■ EXERCISE DIRECTIONS: The copy should begin at the line containing "Ci saranno ancora" and end with the last line below, every line exact and no picture included.

■ RAW DATA:
::::
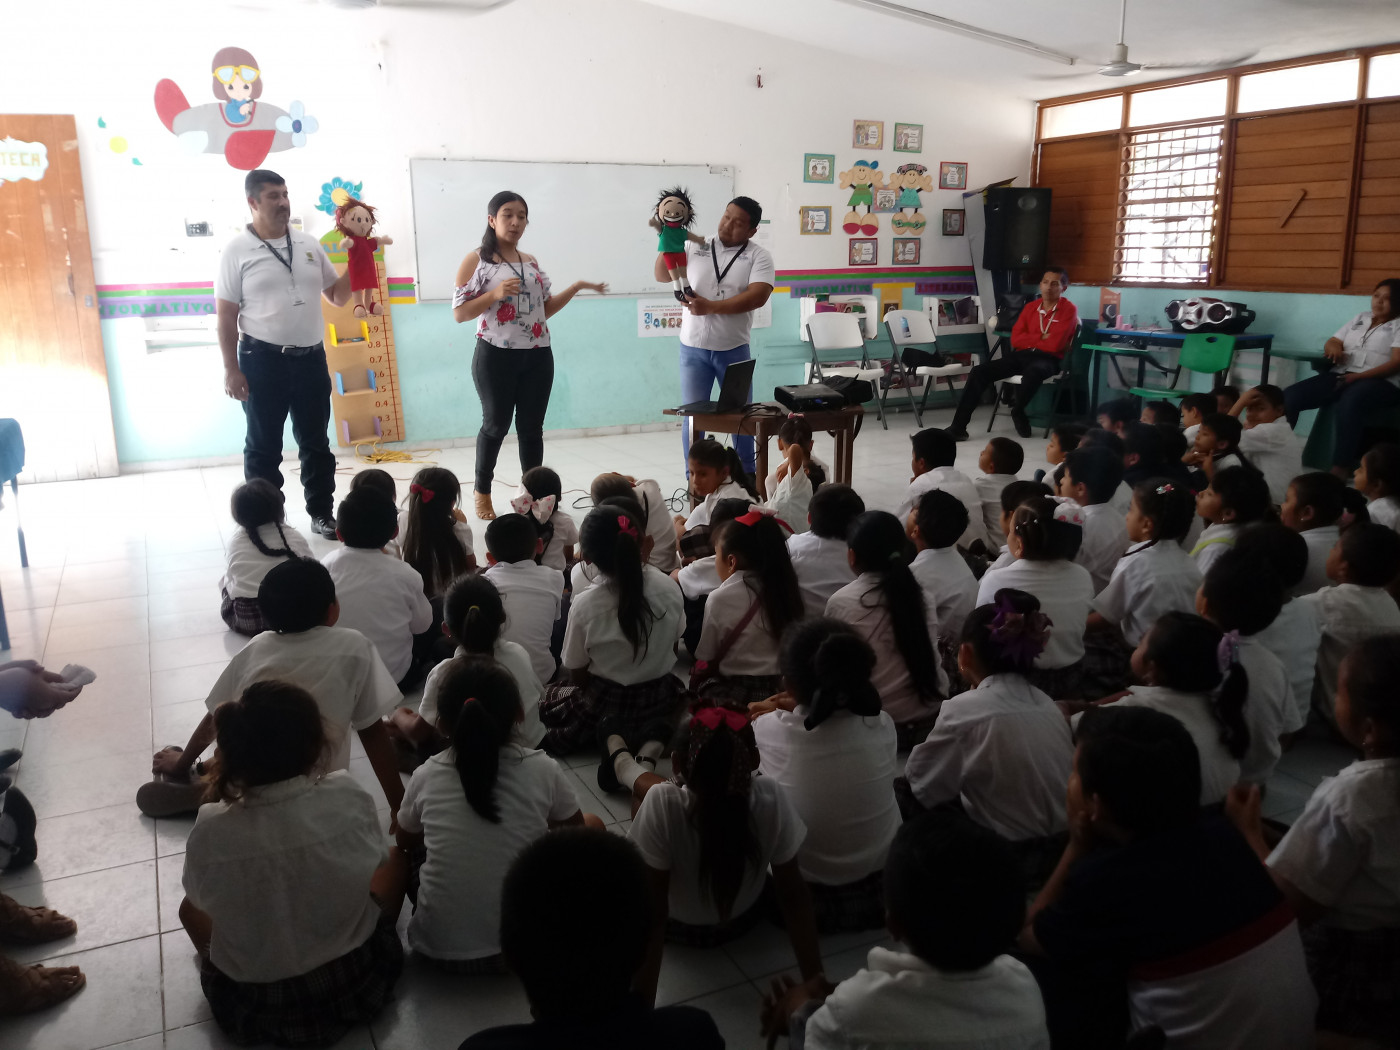 Visita a la primaria federal “Agustín Vadillo Cicero” ubicada en Mérida
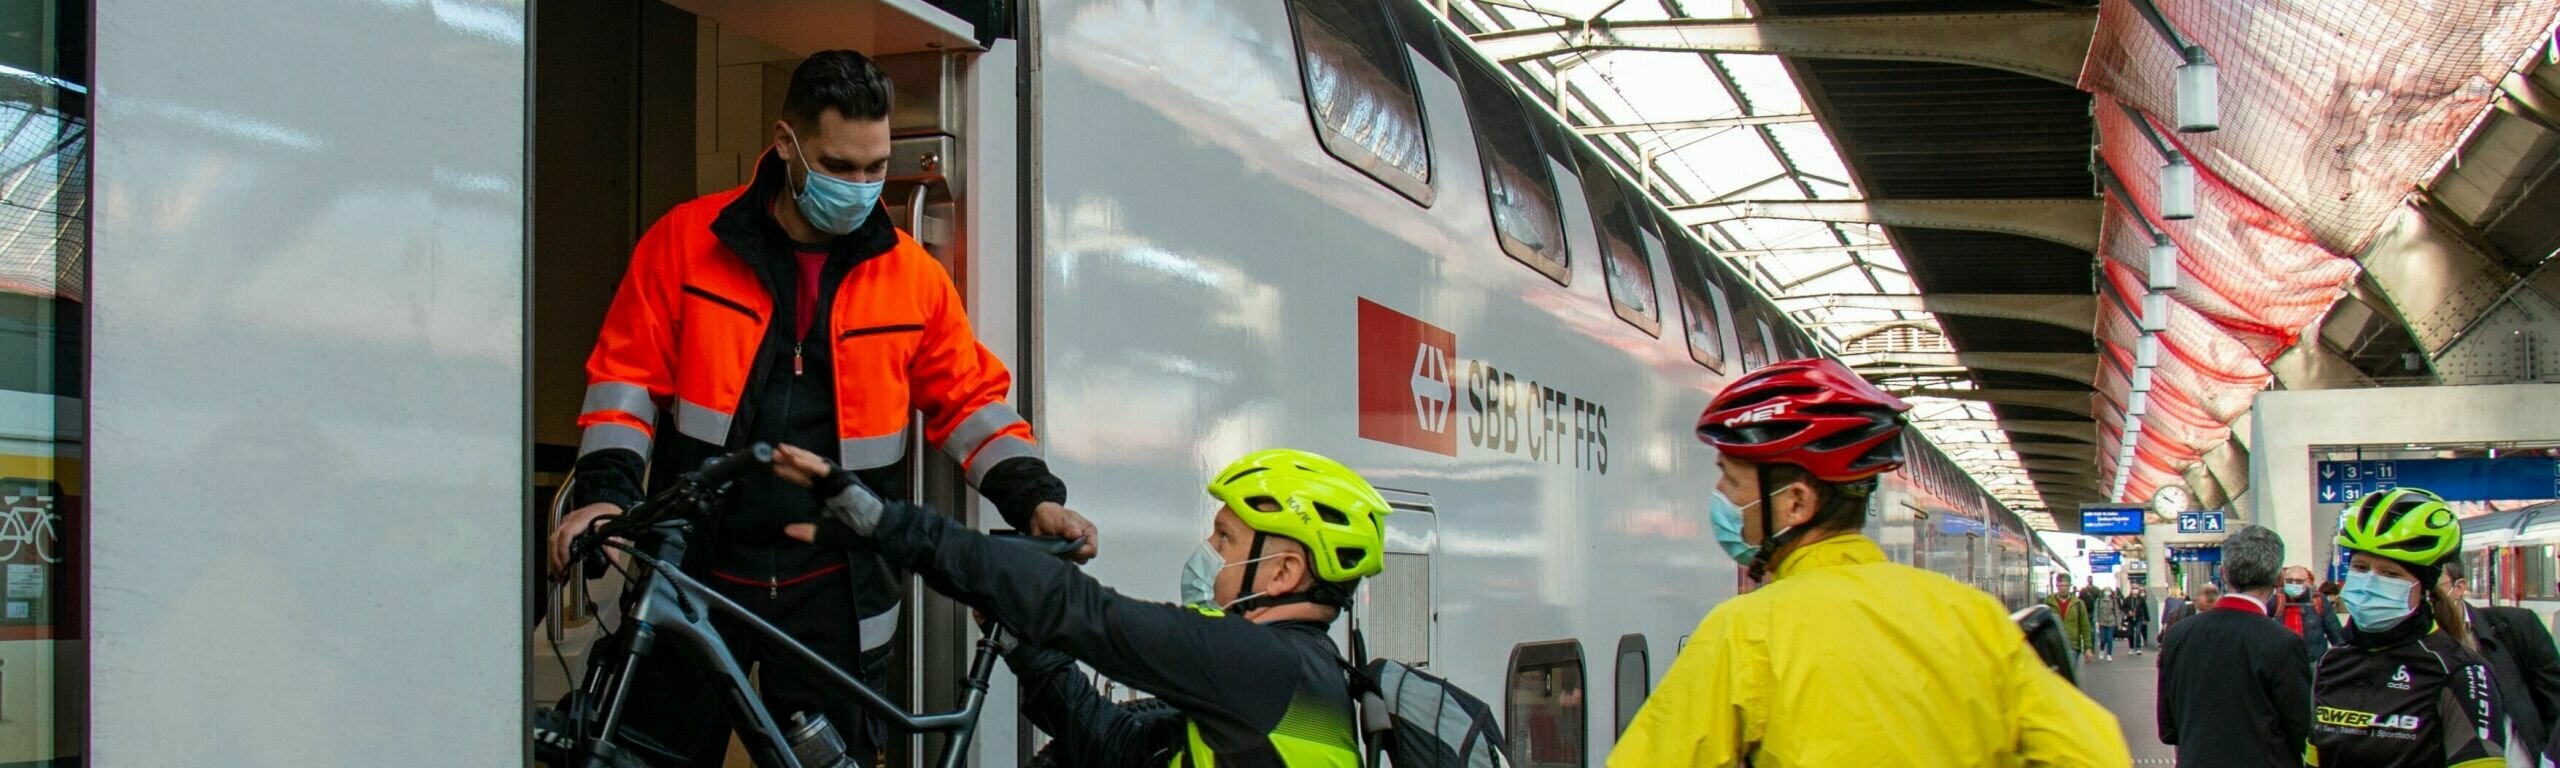 Ci saranno ancora più posti bici sui treni a lunga percorrenza.
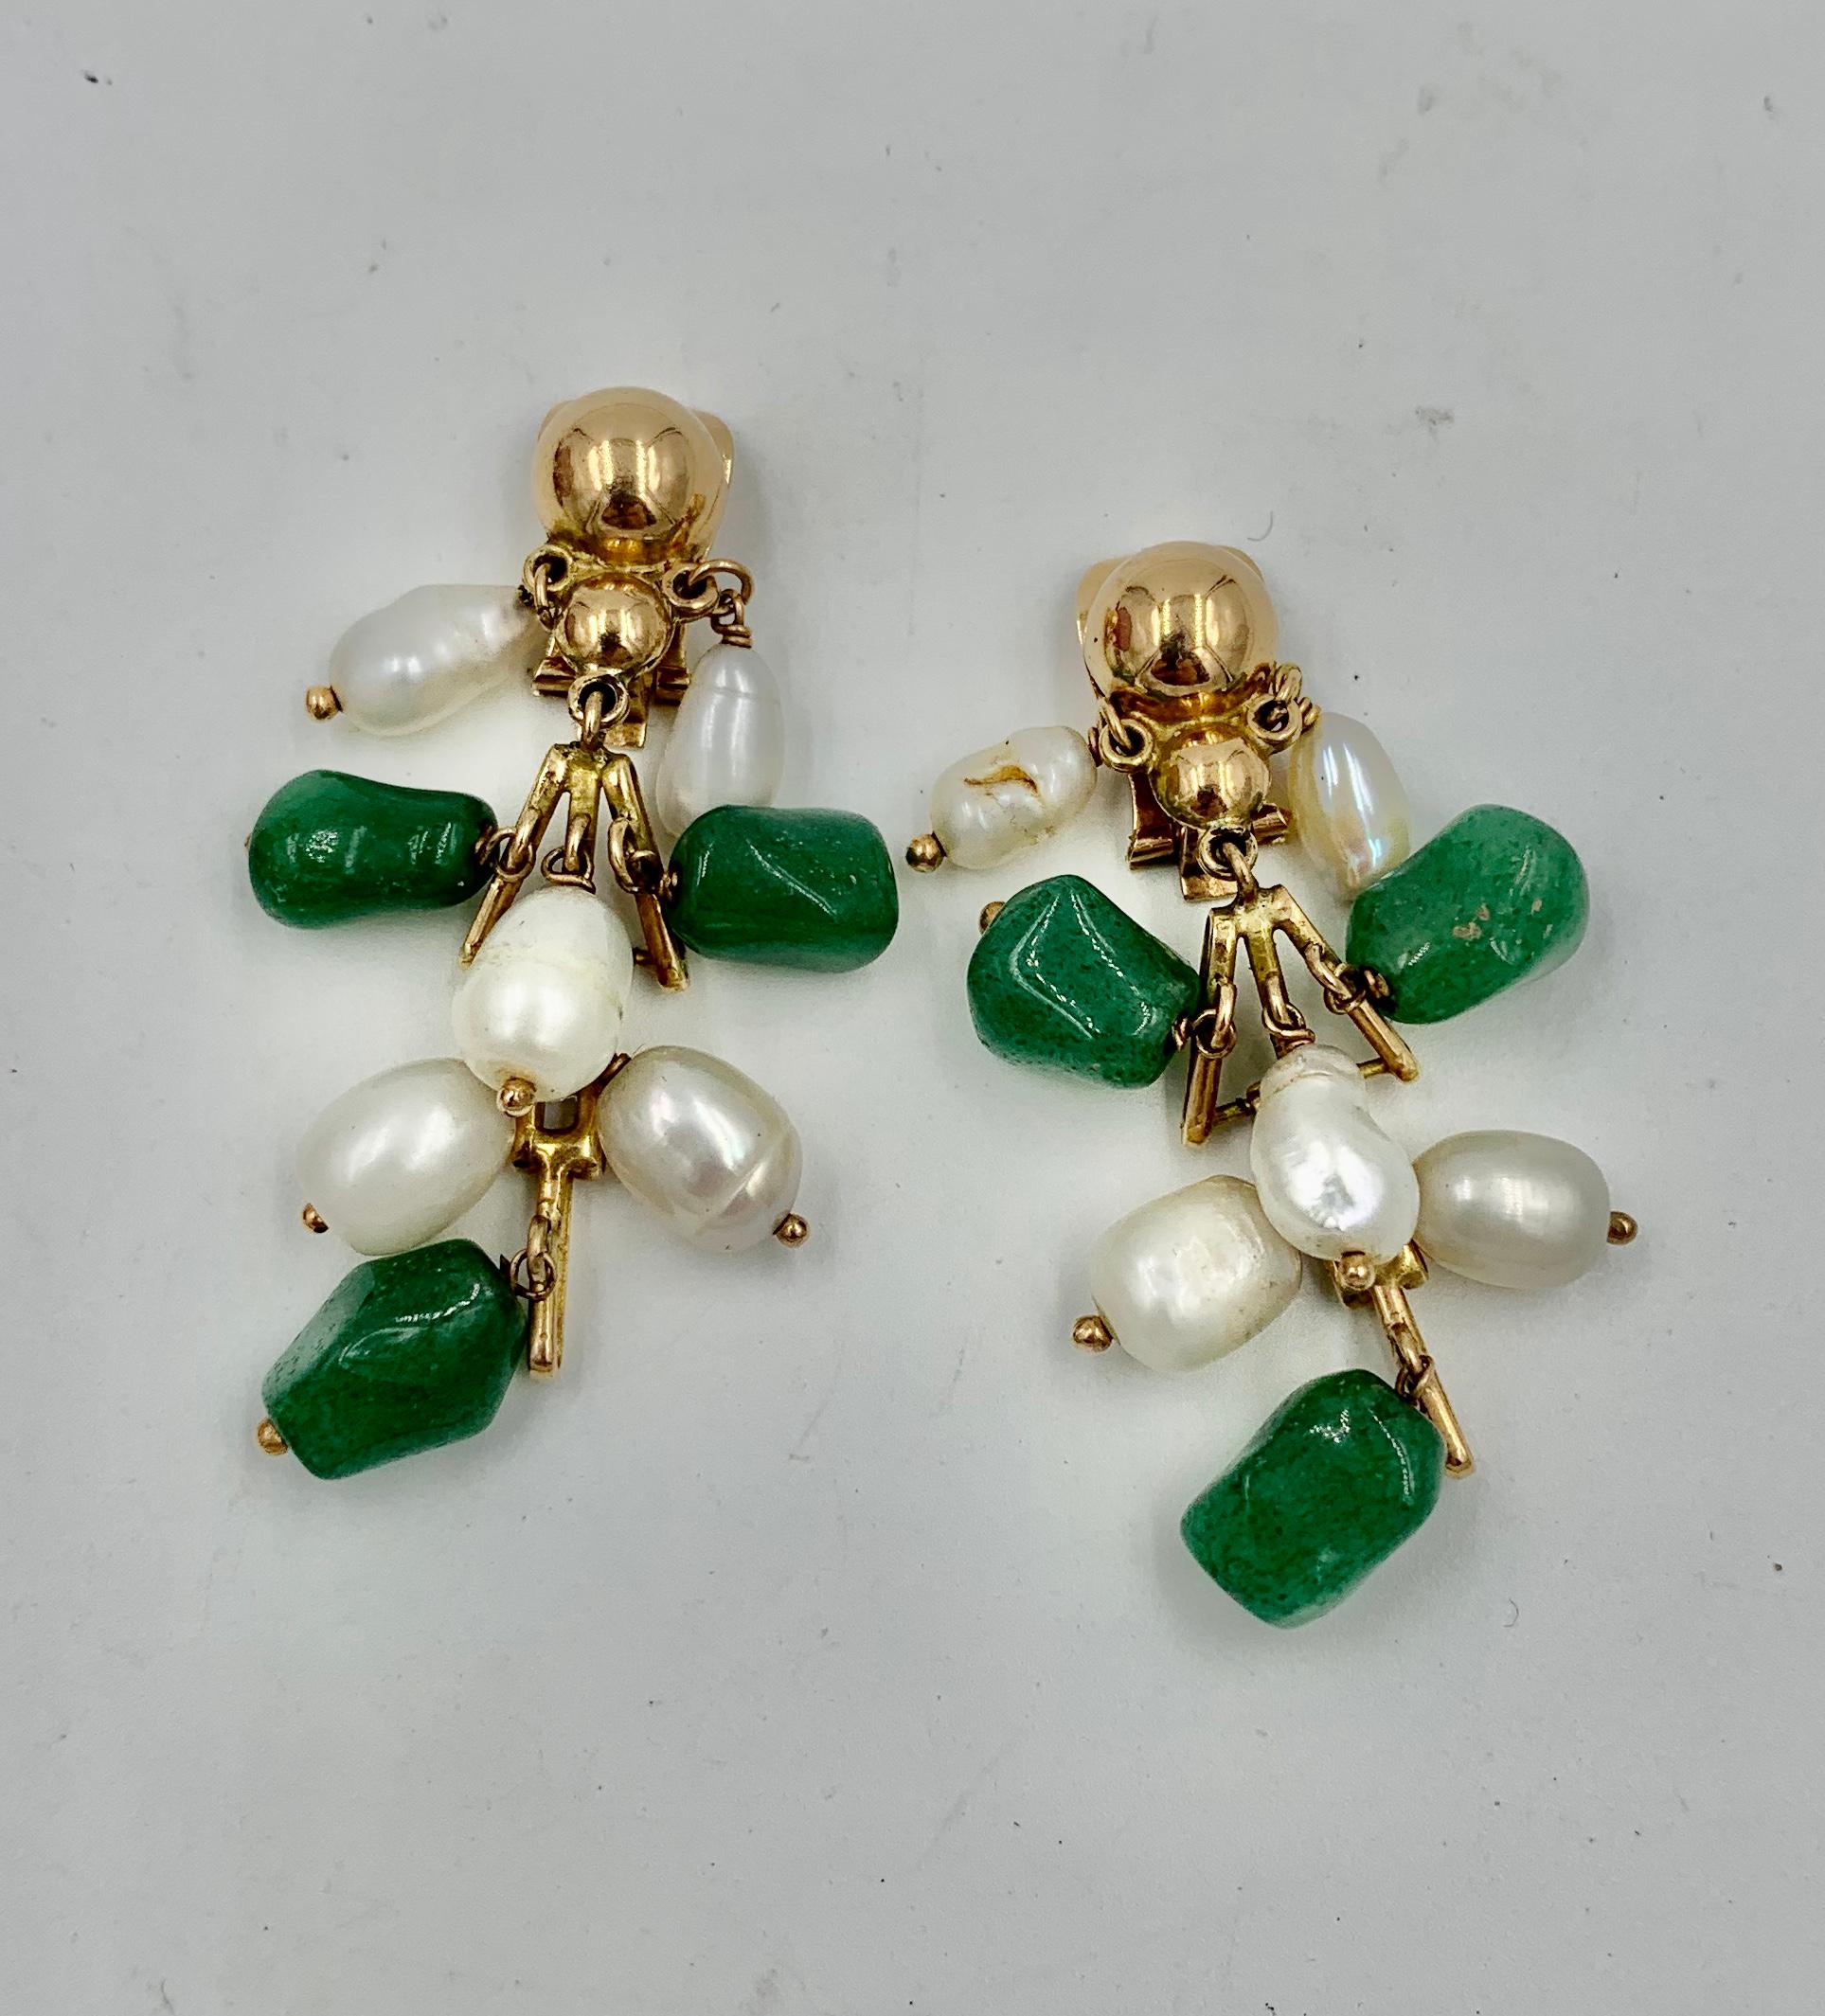 Une délicieuse paire de boucles d'oreilles pendantes en or jaune 14 carats, composées de jade et de perles.  Les boucles d'oreilles rétro ont des sections articulées en or 14 carats avec du jade vert et des perles qui pendent de l'or.  Les boucles
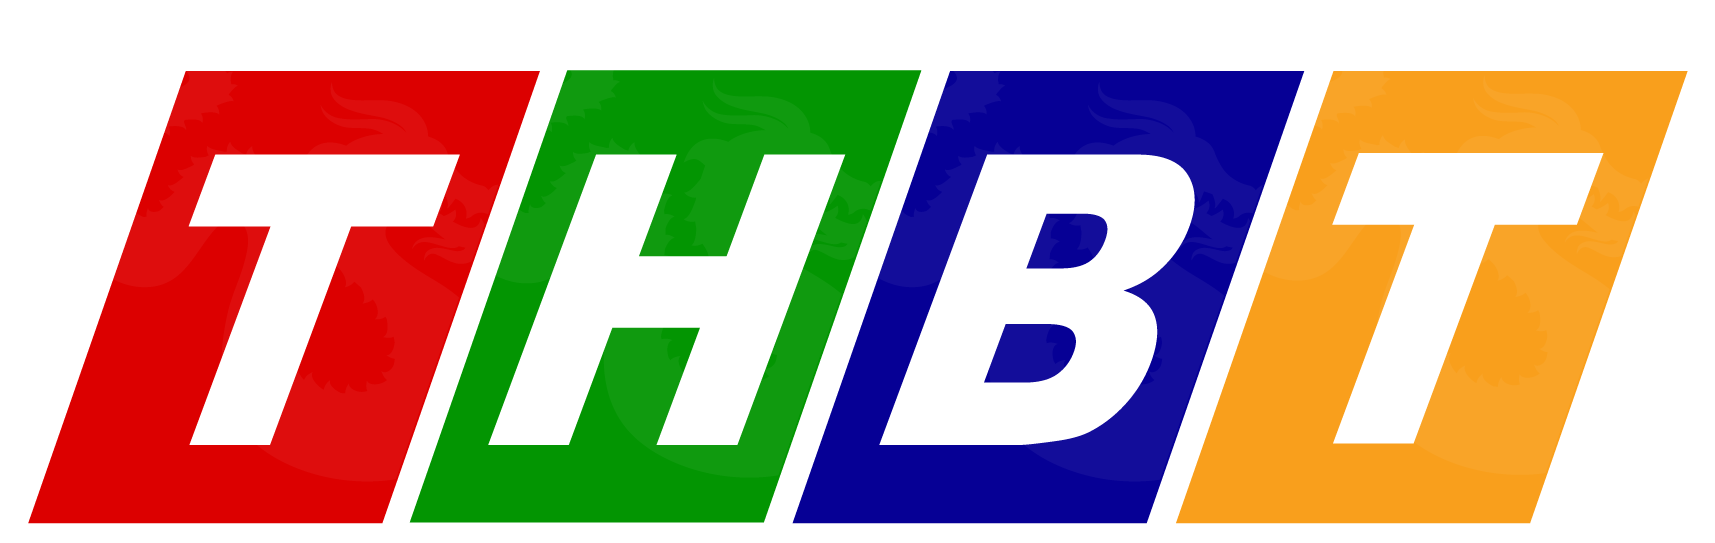 THBT_logo2021
::::
■ RESULT:
 Ci saranno ancora più posti bici sui treni a lunga percorrenza.
 Une délicieuse paire de boucles d'oreilles pendantes en or jaune 14 carats, composées de jade et de perles.  Les boucles d'oreilles rétro ont des sections articulées en or 14 carats avec du jade vert et des perles qui pendent de l'or.  Les boucles
 THBT_logo2021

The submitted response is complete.